Arizona outfielder Starling Marte followed with a bunt-single, Christian Walker hit a ground-rule double and Eduardo Escobar got hit by a pitch to load the bases — all of this without an out in the inning.
Peralta then smoked a triple into the same right field corner for three more runs, and catcher Stephen Vogt followed with an RBI double. Ketel Marte, Calhoun and Walker all reappeared in the fourth for RBI hits, giving them a multi-hit inning each and putting Arizona ahead, 9-4.
The good news after all that was Ray was through four innings with only 60 pitches thrown. But he didn’t take advantage.
He walked catcher Martin Maldonado to lead things off in the fifth and allowed George Springer to go deep, pulling Houston within 9-6.
Arizona’s starter needed 31 pitches to get out of the fifth inning and called it a night from there.
Nick Ahmed’s two-run homer in the fifth re-insured the D-backs as did a Peralta solo shot in the seventh, making for his fourth career game of four or more RBIs. Escobar hit his first bomb of 2020 for two more runs in the eighth inning.
Lovullo said he’s not in the loop when it comes to deciding on the status of the roof, and perhaps the heat (108 degrees at first pitch) and thin air contributed to the balls flying out of the park. That said:
“I know there were a lot of hard-hit balls that probably would’ve been out of the ballpark no matter what,” Lovullo added.
Arizona’s problems are certainly not solved.
Ray managed 5.0 innings total — the longest he’s lasted in three starts of 2020 — while giving up six earned runs and three home runs.
Pitching coach Matt Herges said the lefty used the last few days to work through a windup change.
“We think he’s getting his arm stuck,” Herges said before the game. “You’ll see it tonight. There’s going to be a glove tap to promote getting his arm going so it’s not stuck here. It adds flow to his delivery.”

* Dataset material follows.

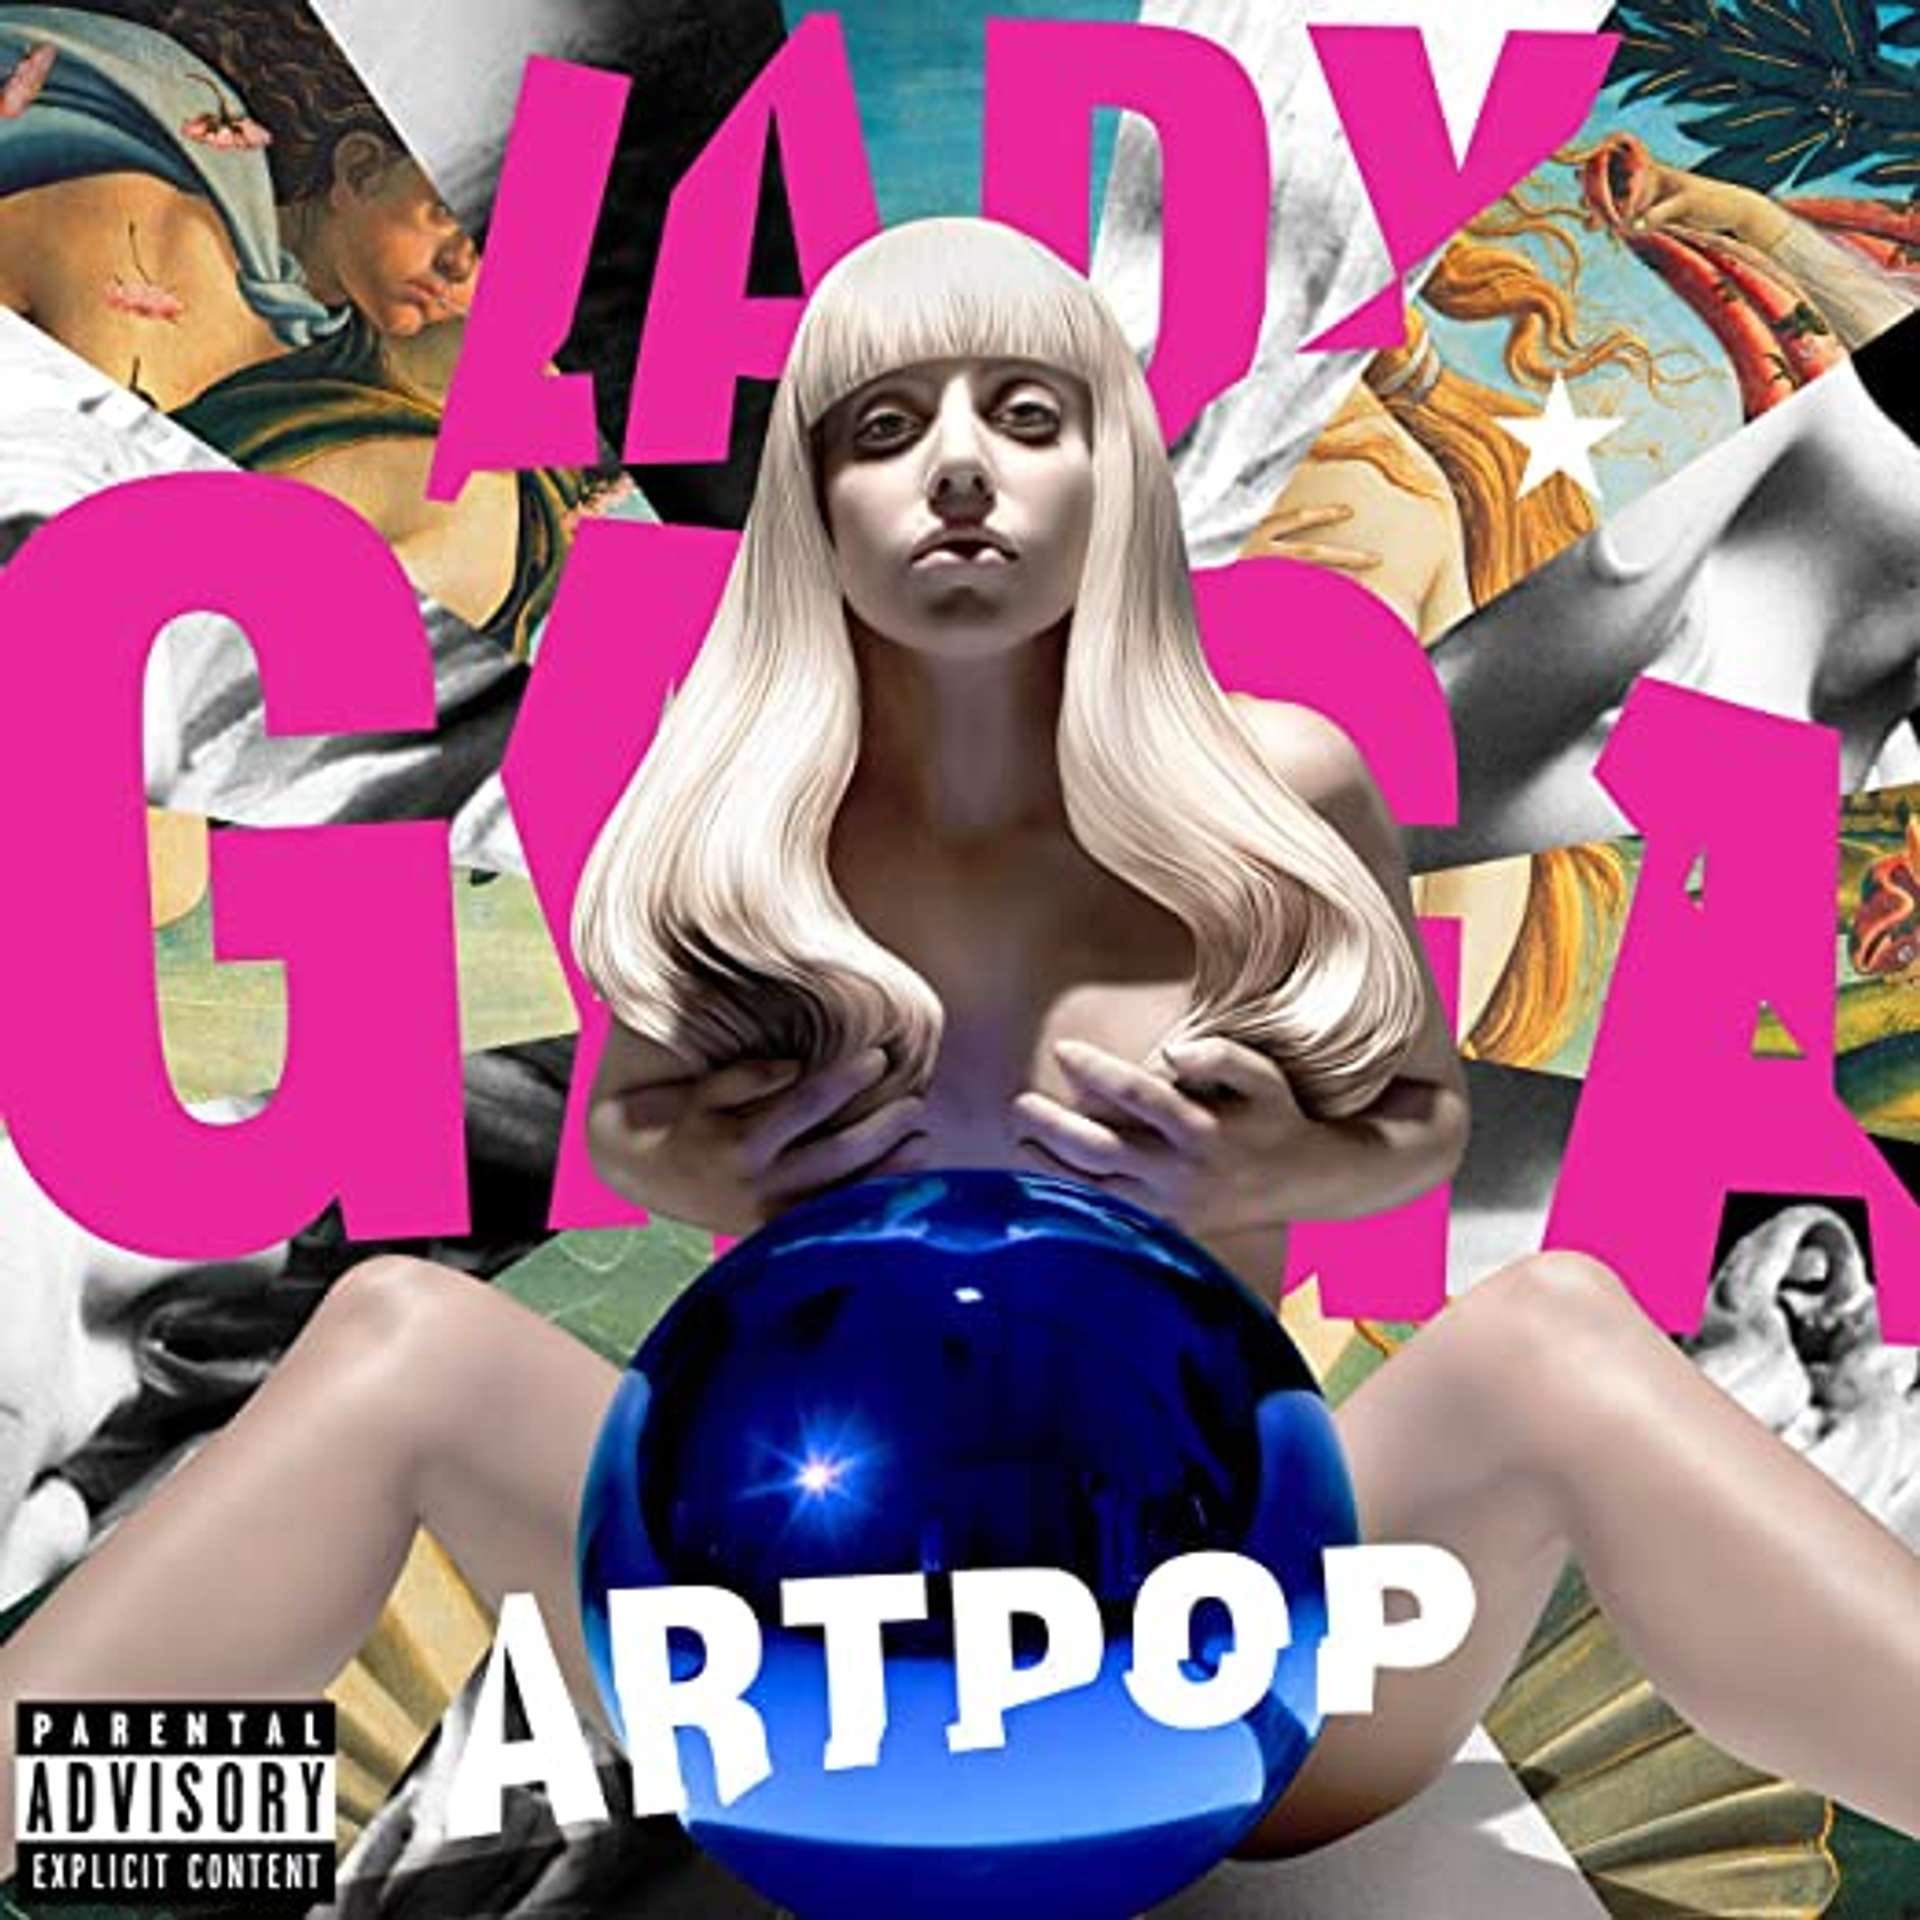 An image of the album cover for ARTPOP by Lady Gaga and designed by Jeff Koons. It has a collage-like composition, with a sculpture of Lady Gaga in the centre, surrounded by fragments of Botticelli's The Birth of Venus and other patterns.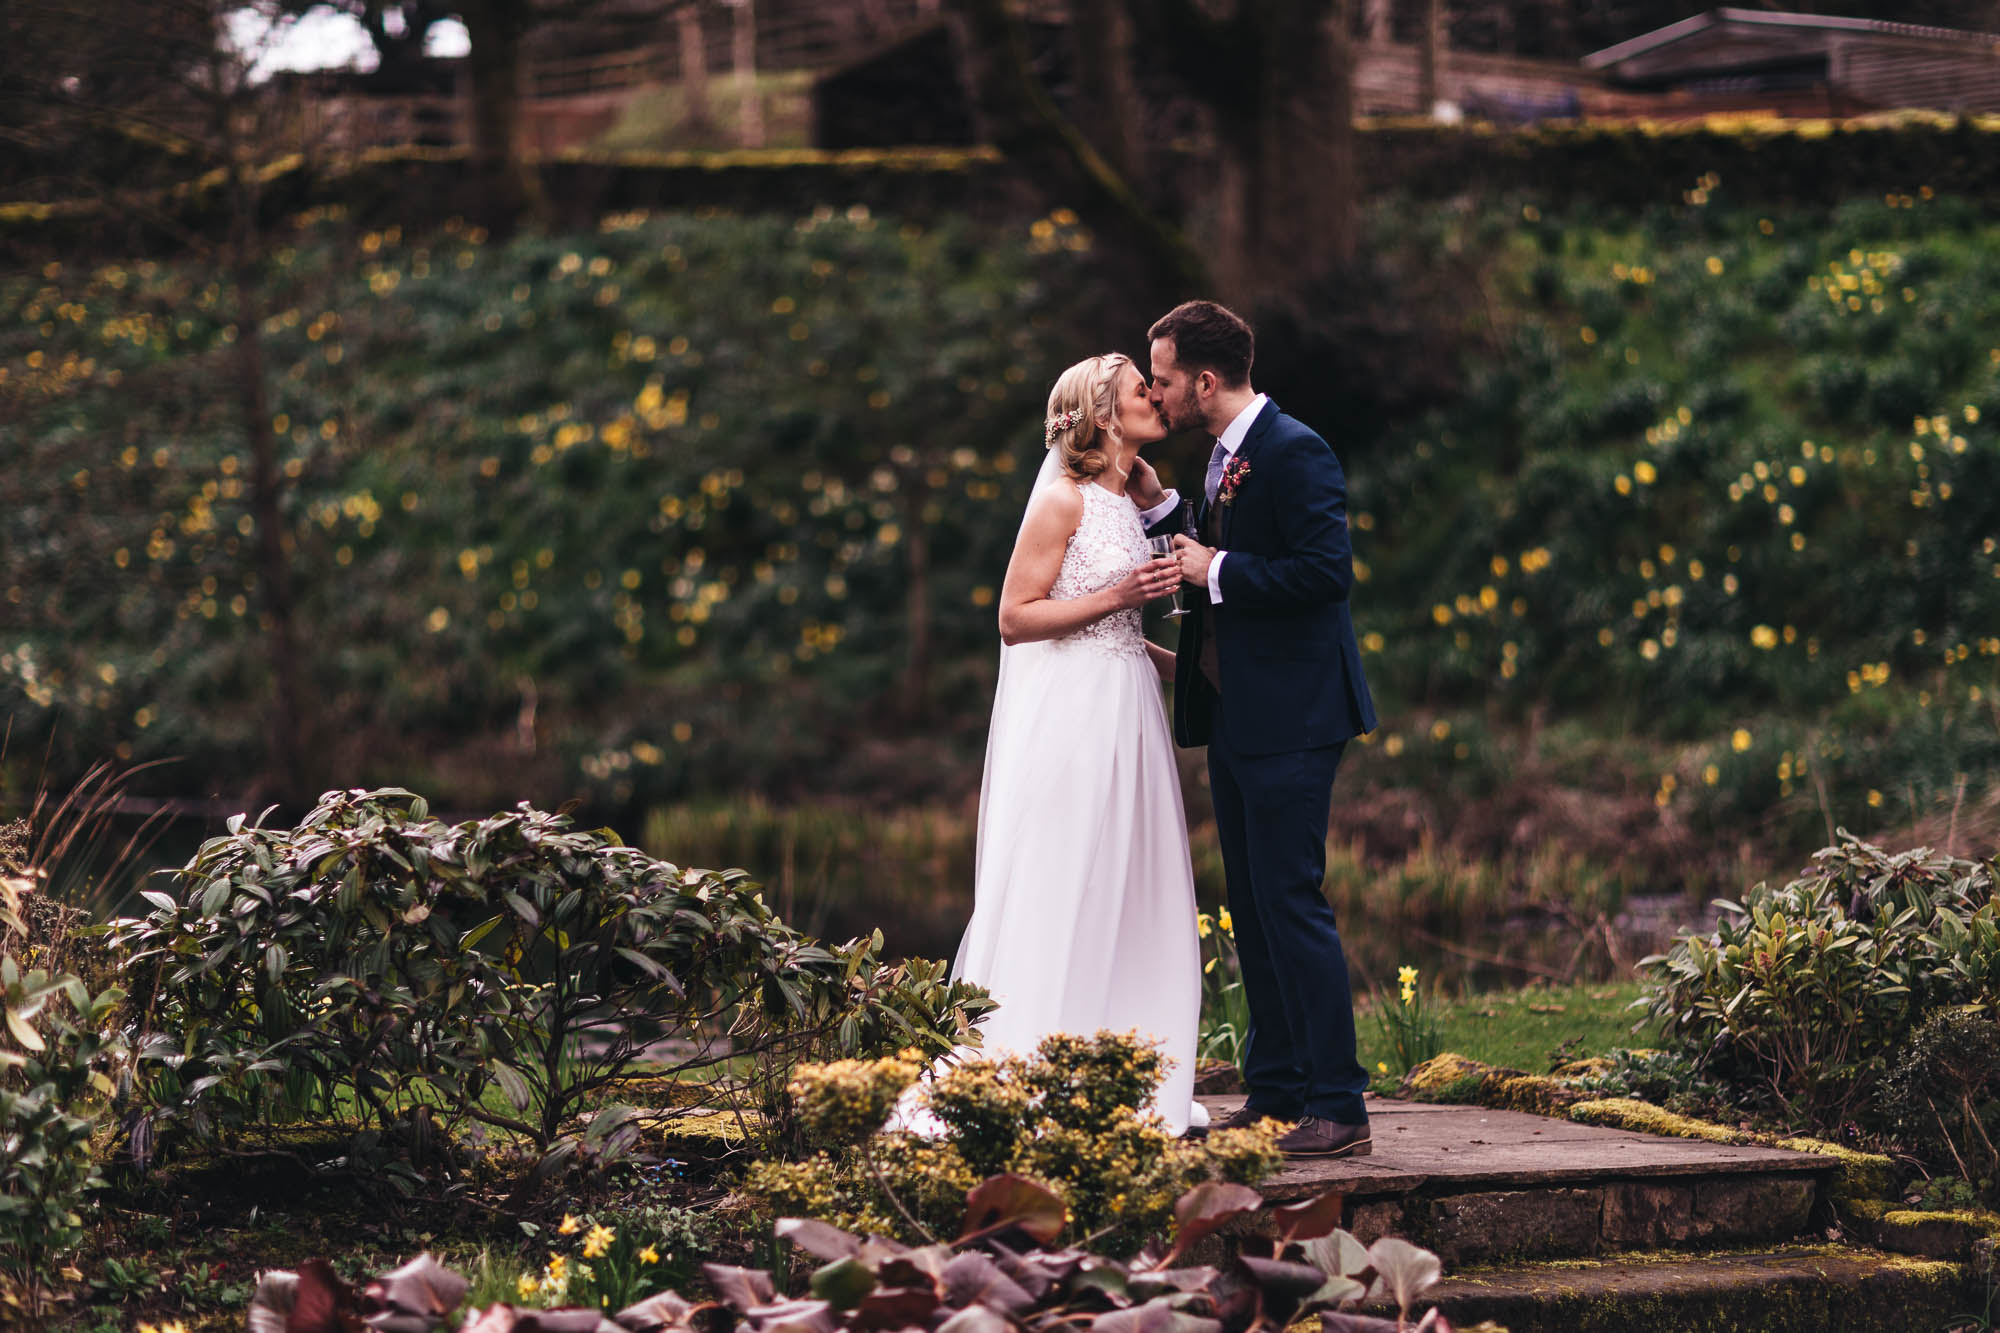 Newlyweds share a kiss and glass of bubbly surrounded by foliage

Ray, who was not available to reporters after the game Wednesday, has another five days to continue searching for answers.
If the D-backs have any luck, at least they already found answers for an anemic offense. And for once, at least they got the luck.
“It’s just kind of how the whole thing has seemed so far is we’re not getting the ball to bounce our way,” Calhoun said of the season, adding of his homer: “You want to talk about a ball bouncing our way, I mean, that ball bounced literally to center field when it was down in the corner.
“The ball just kept rolling and rolling.”